The driver architecture:

+---------+ Communication +---------+ Remote +-----+------+
| | Channel | | Queue | | |
| User PF | <============> | Mgmt PF | <=======>| FW | FPGA |
+---------+ +---------+ +-----+------+
PL Data base FW
APU FW
PL Data (copy)
- PL (FPGA Program Logic)
- FW (Firmware)

There are 2 separate drivers from the original XRT[1] design.
- UserPF driver
- MgmtPF driver

The new AMD versal-pci driver will replace the MgmtPF driver for Versal
PCIe card.

The XRT[1] is already open-sourced. It includes solution of runtime for
many different type of PCIe Based cards. It also provides utilities for
managing and programming the devices.

The AMD versal-pci stands for AMD Versal brand PCIe device management
driver. This driver provides the following functionalities:

- module and PCI device initialization
this driver will attach to specific device id of V70 card;
the driver will initialize itself based on bar resources for
- communication channel:
a hardware message service between mgmt PF and user PF
- remote queue:
a hardware queue based ring buffer service between mgmt PF and PCIe
hardware firmware for programming FPGA Program Logic, loading
firmware and checking card healthy status.

- programming FW
- The base FW is downloaded onto the flash of the card.
- The APU FW is downloaded once after a POR (power on reset).
- Reloading the MgmtPF driver will not change any existing hardware.

- programming FPGA hardware binaries - PL Data
- using fpga framework ops to support re-programing FPGA
- the re-programming request will be initiated from the existing UserPF
driver only, and the MgmtPF driver load the matched PL Data after
receiving request from the communication channel. The matching PL

I think this is not the way the FPGA generic framework should do. A FPGA
region user (your userPF driver) should not also be the reprogram requester.
The user driver cannot deal with the unexpected HW change if it happens.
Maybe after reprogramming, the user driver cannot match the device
anymore, and if user driver is still working on it, crash.

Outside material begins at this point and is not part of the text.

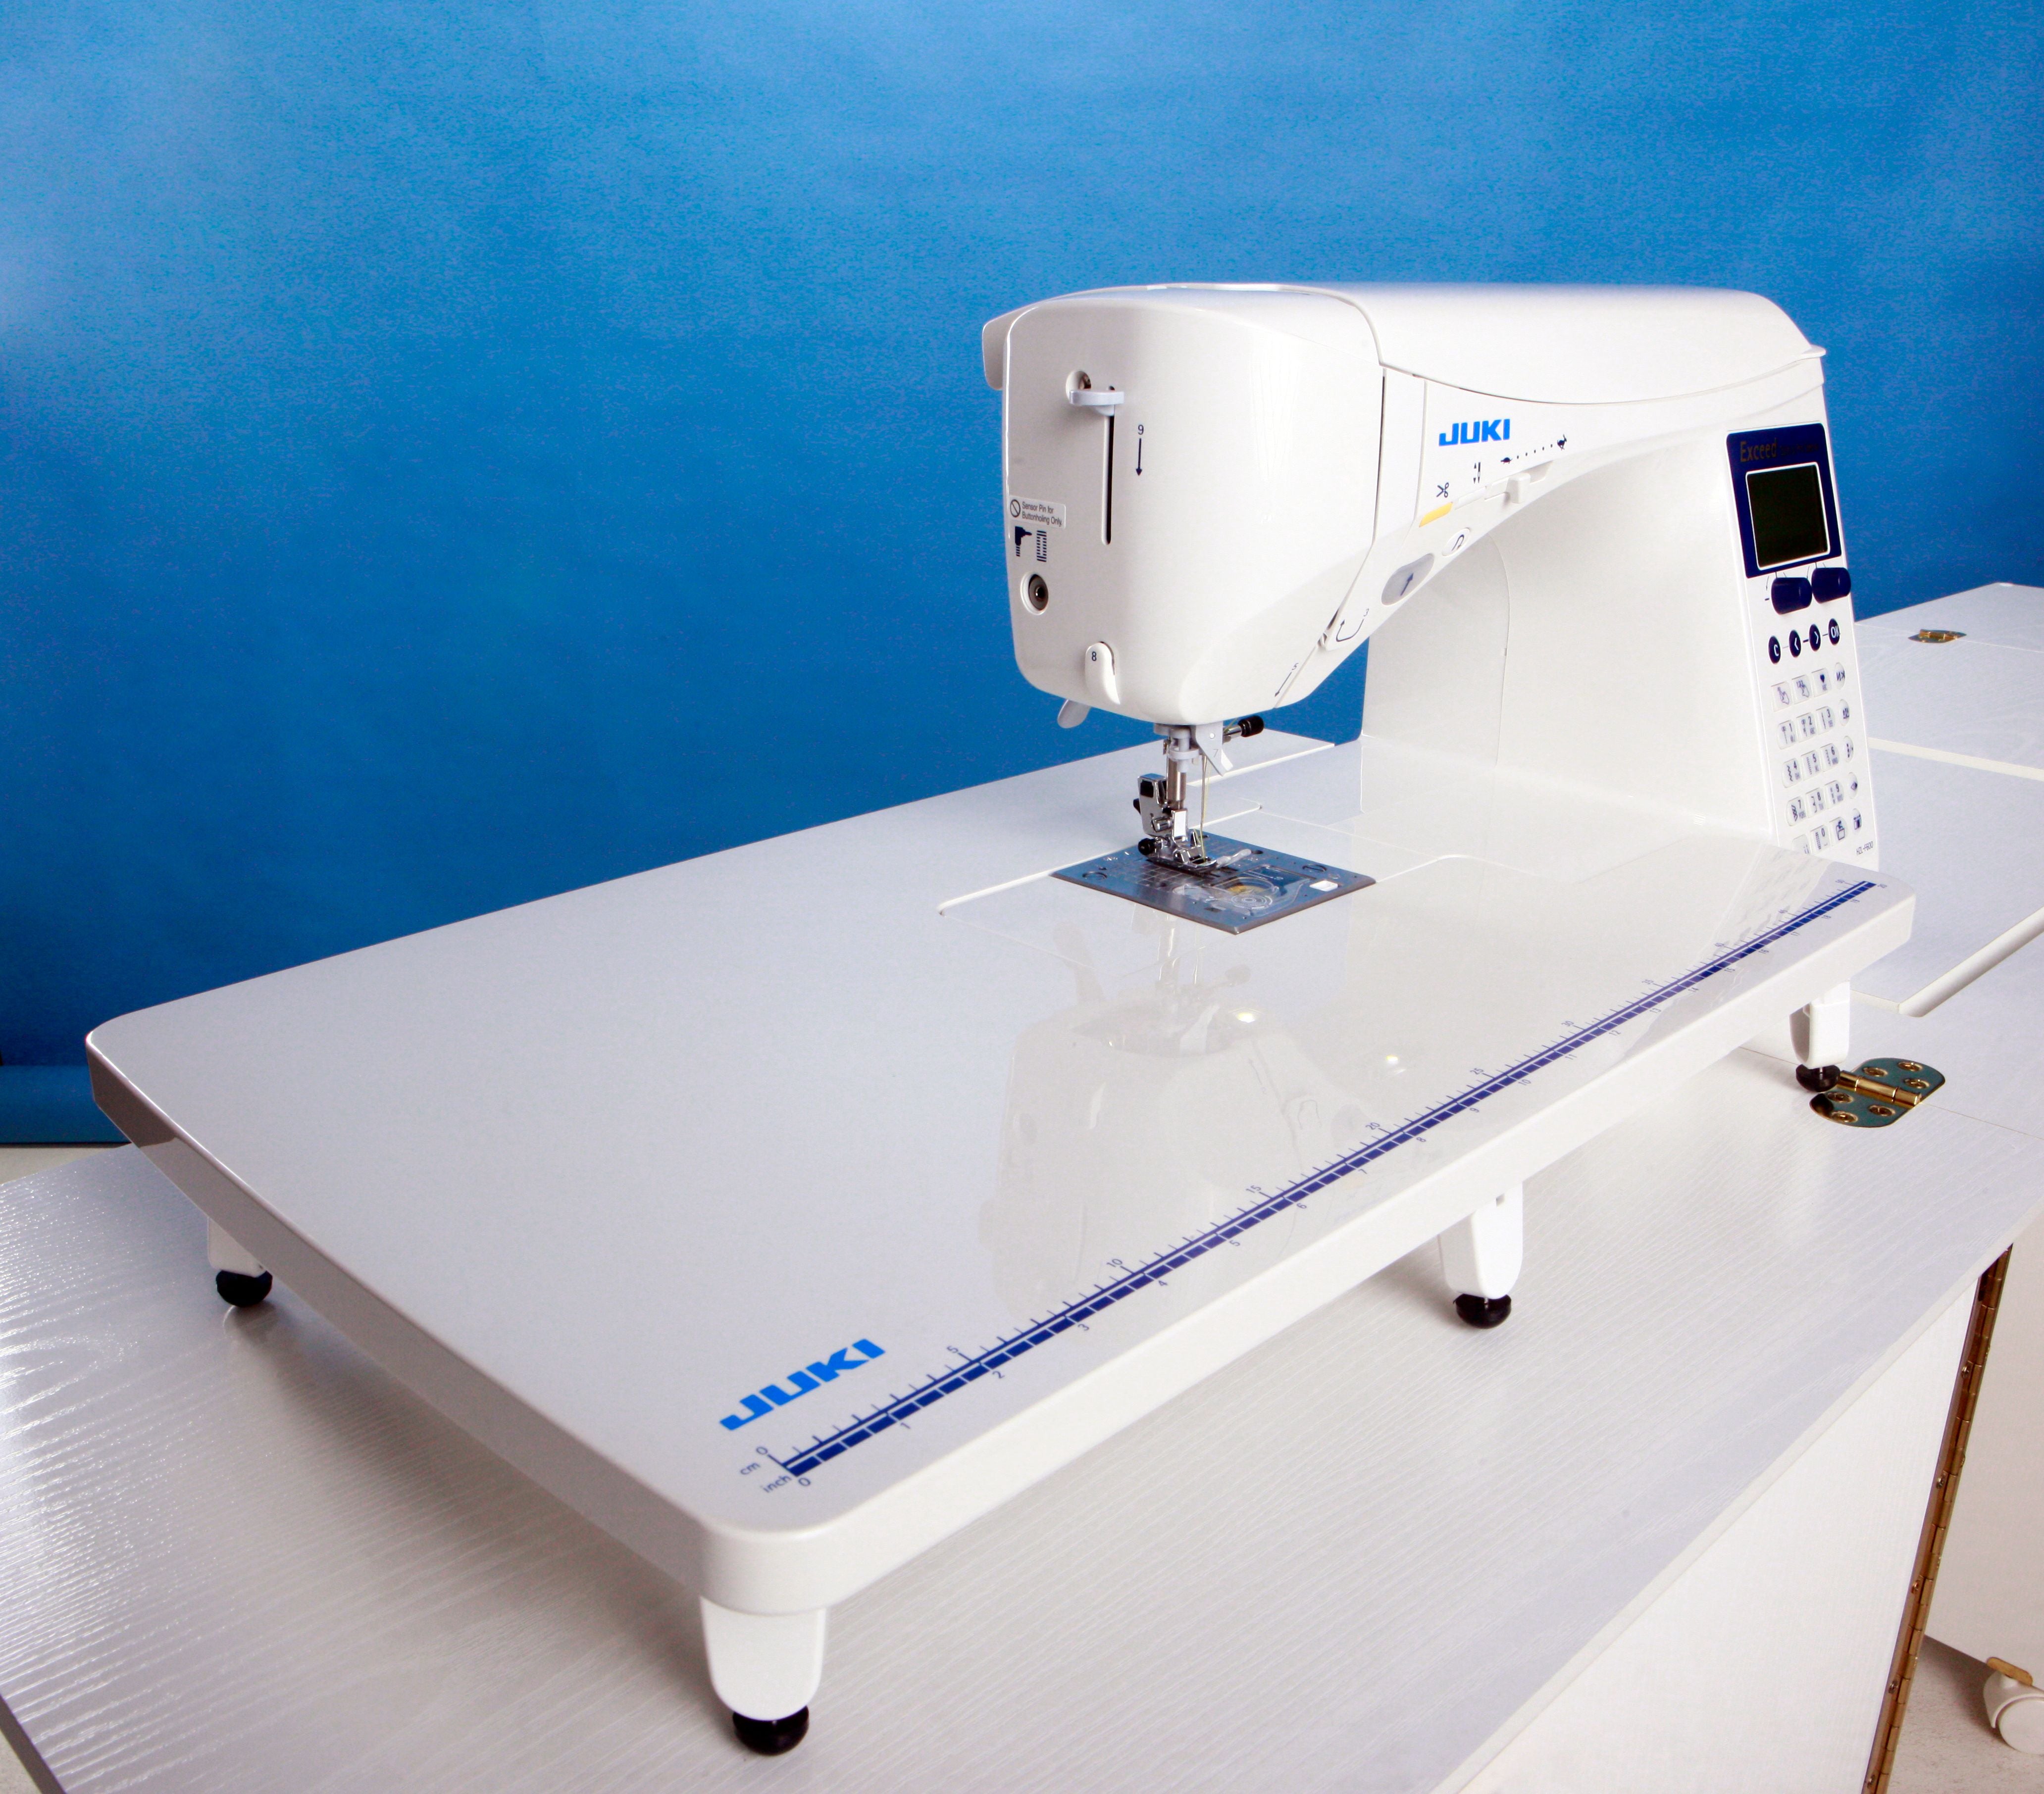 Juki HZL-F600 Quilting & Sewing Machine image # 71738

One thing to clarify. The current design is:

The userPF driver is the only requester. The mgmtPF has no uAPI to reprogram
the FPGA.



The expected behavior is, the FPGA region removes user devices (thus
detaches user drivers), does reprogramming, re-enumerates/rescans and
matches new devices with new drivers. And I think that's what Nava is
working on.


Nava's work is different than our current design, our current design is:

the separate userPF driver will detach all services before requesting to the
mgmtPF to program the FPGA, and after the programming is done, the userPF
will re-enumerate/rescan the matching new devices.

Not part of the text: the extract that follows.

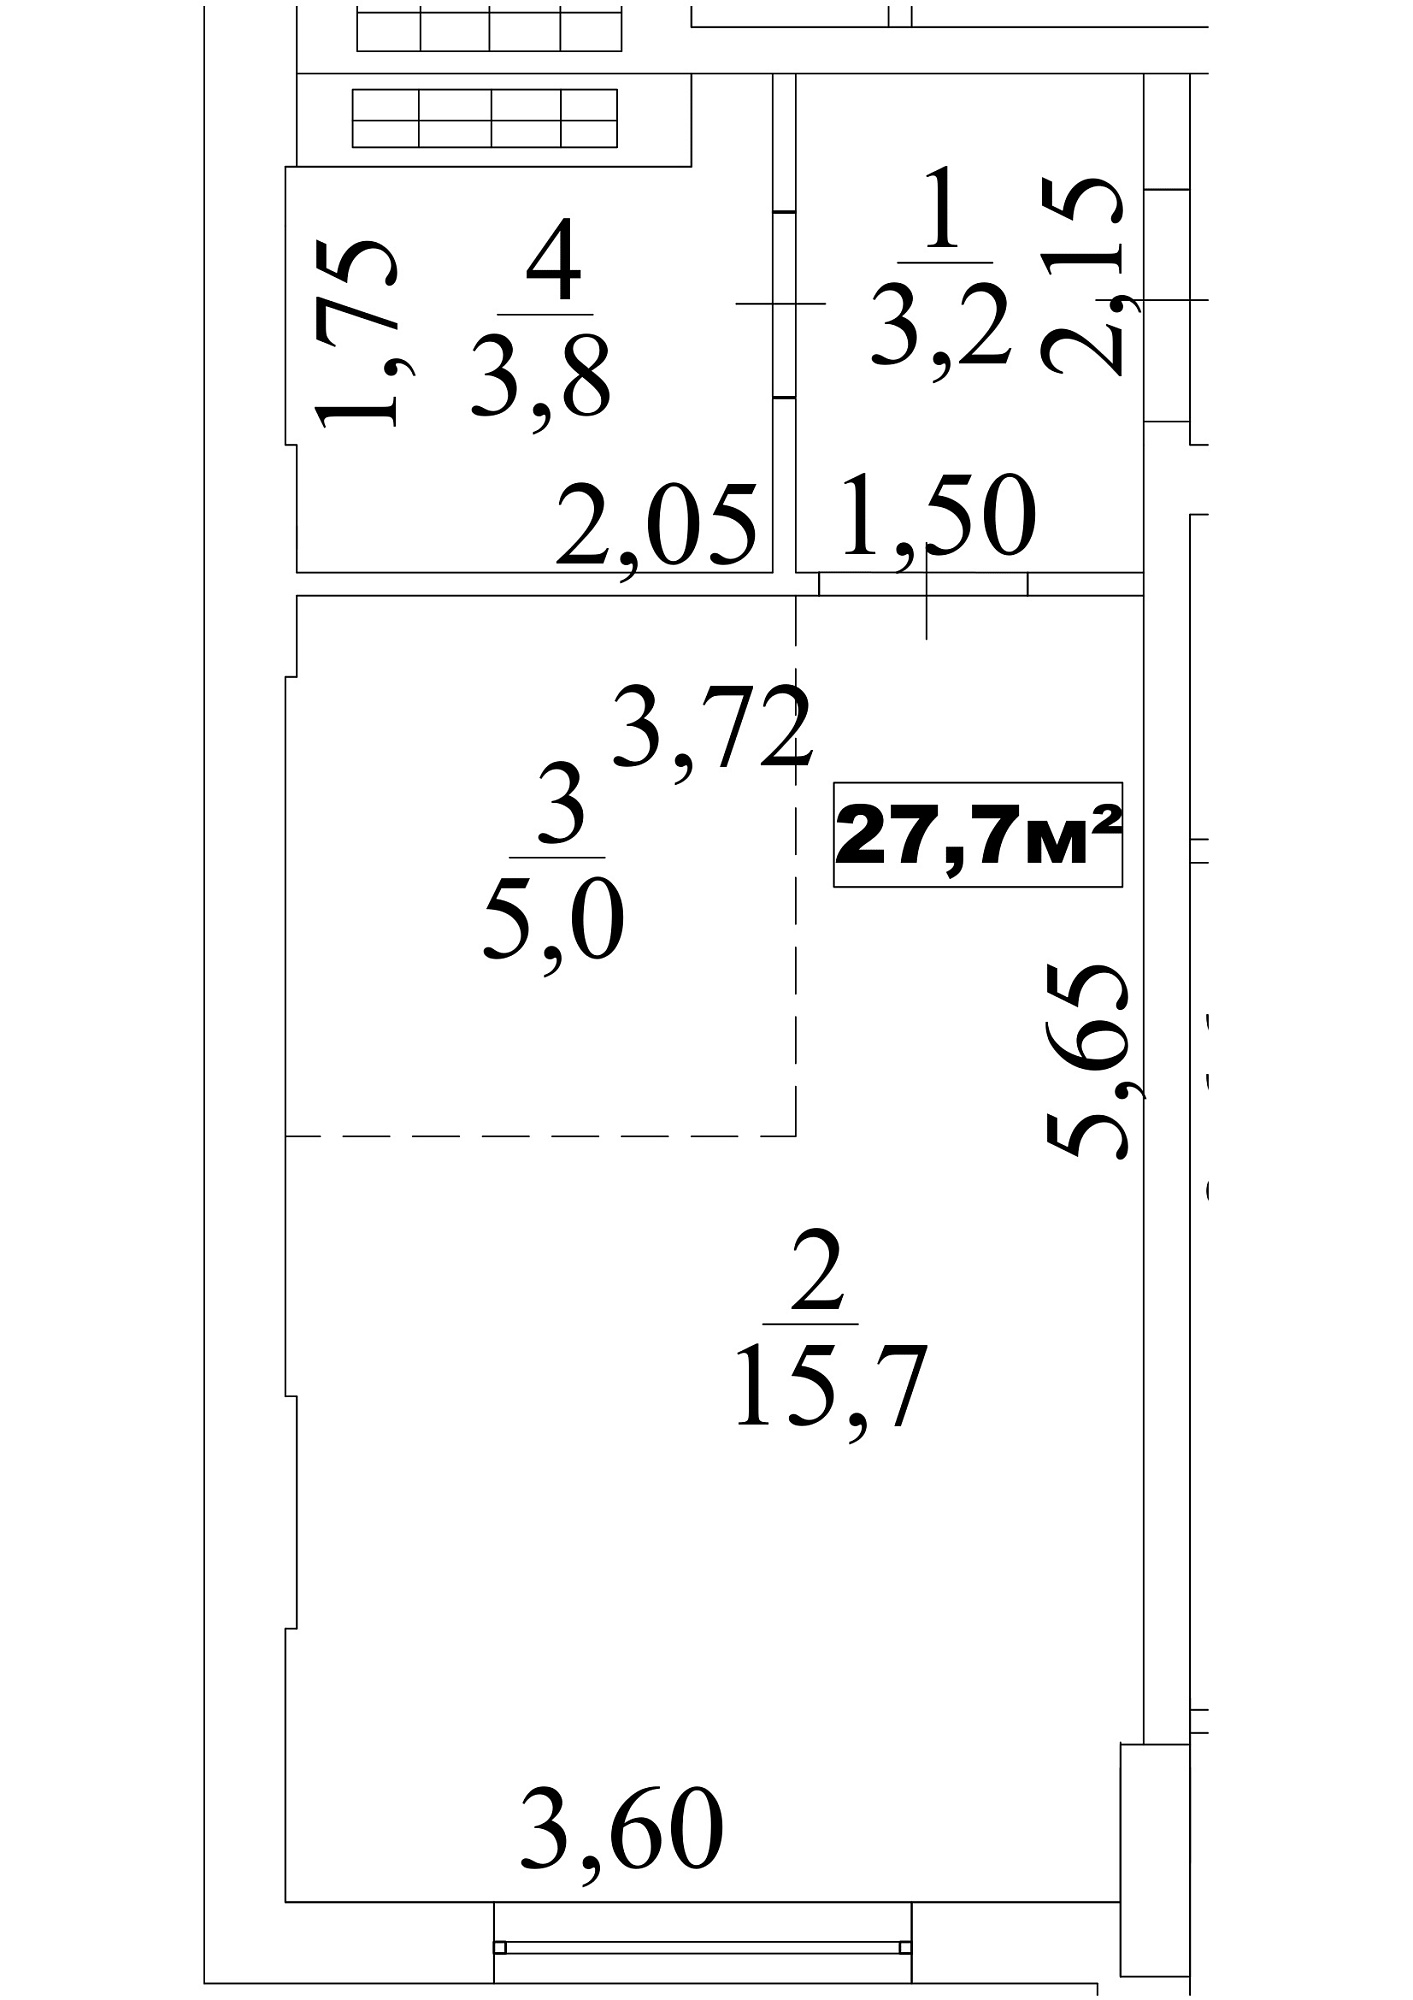 Planning Smart flats area 27.7m2, AB-10-01/0003а.

That's not align with the Device-Driver Model, A device driver should not
re-enumerate/rescan a matching device.

Thanks! Yilun.

I will need to discuss this in my team. Our current userPF driver organize services (rom, sensor, msix, etc.) as platform driver and re-enumerate (online/offline) when there is a hardware change.

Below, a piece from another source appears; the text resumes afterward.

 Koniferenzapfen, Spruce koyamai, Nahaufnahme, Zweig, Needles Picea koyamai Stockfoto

The mgmtPF is a util driver which is responsible for communicating with the
mgmtPF PCIe bar resources.


BTW, AFAICS the expected flow is easier to implement for of-fpga-region,
but harder for PCI devices. But I think that's the right direction and
should try to work it out.

Could I recap the suggested design if I understand that correctly...

You are thinking that the mgmtPF (aka. versal-pci) driver should have a uAPI

This should be the unified fpga-region class uAPI.

to trigger the FPGA re-programing; and using Nava's callback ops to detach
the separate userPF driver; after re-programing is done, re-attch the userPF

No need to detach a specific driver, remove all devices in the
fpga-region. I imagine this could also be a generic flow for all PCI/e
based FPGA cards.

I see your point. Is there an existing example in current fpga driver for PCI/e based cards?

We will need to talk to our management team and re-design our driver.
I think we have 2 approaches:
1) Align with linux fpga, having one driver for both userPF and mgmtPF; or
2) find a different location (maybe driver/misc) for the version-pci driver, because it is an utility driver, not need to be tied with fpga framework.

Please let me know you thoughts. Which way is acceptable by you.

Thanks,
David

Thanks,
Yilun

driver and allow the userPF driver re-enumerate all to match the new
hardware.

I think my understanding is correct, it is doable.

As long as we can keep our userPF driver as separate driver, the code change
won't be too big.


Thanks,
Yilun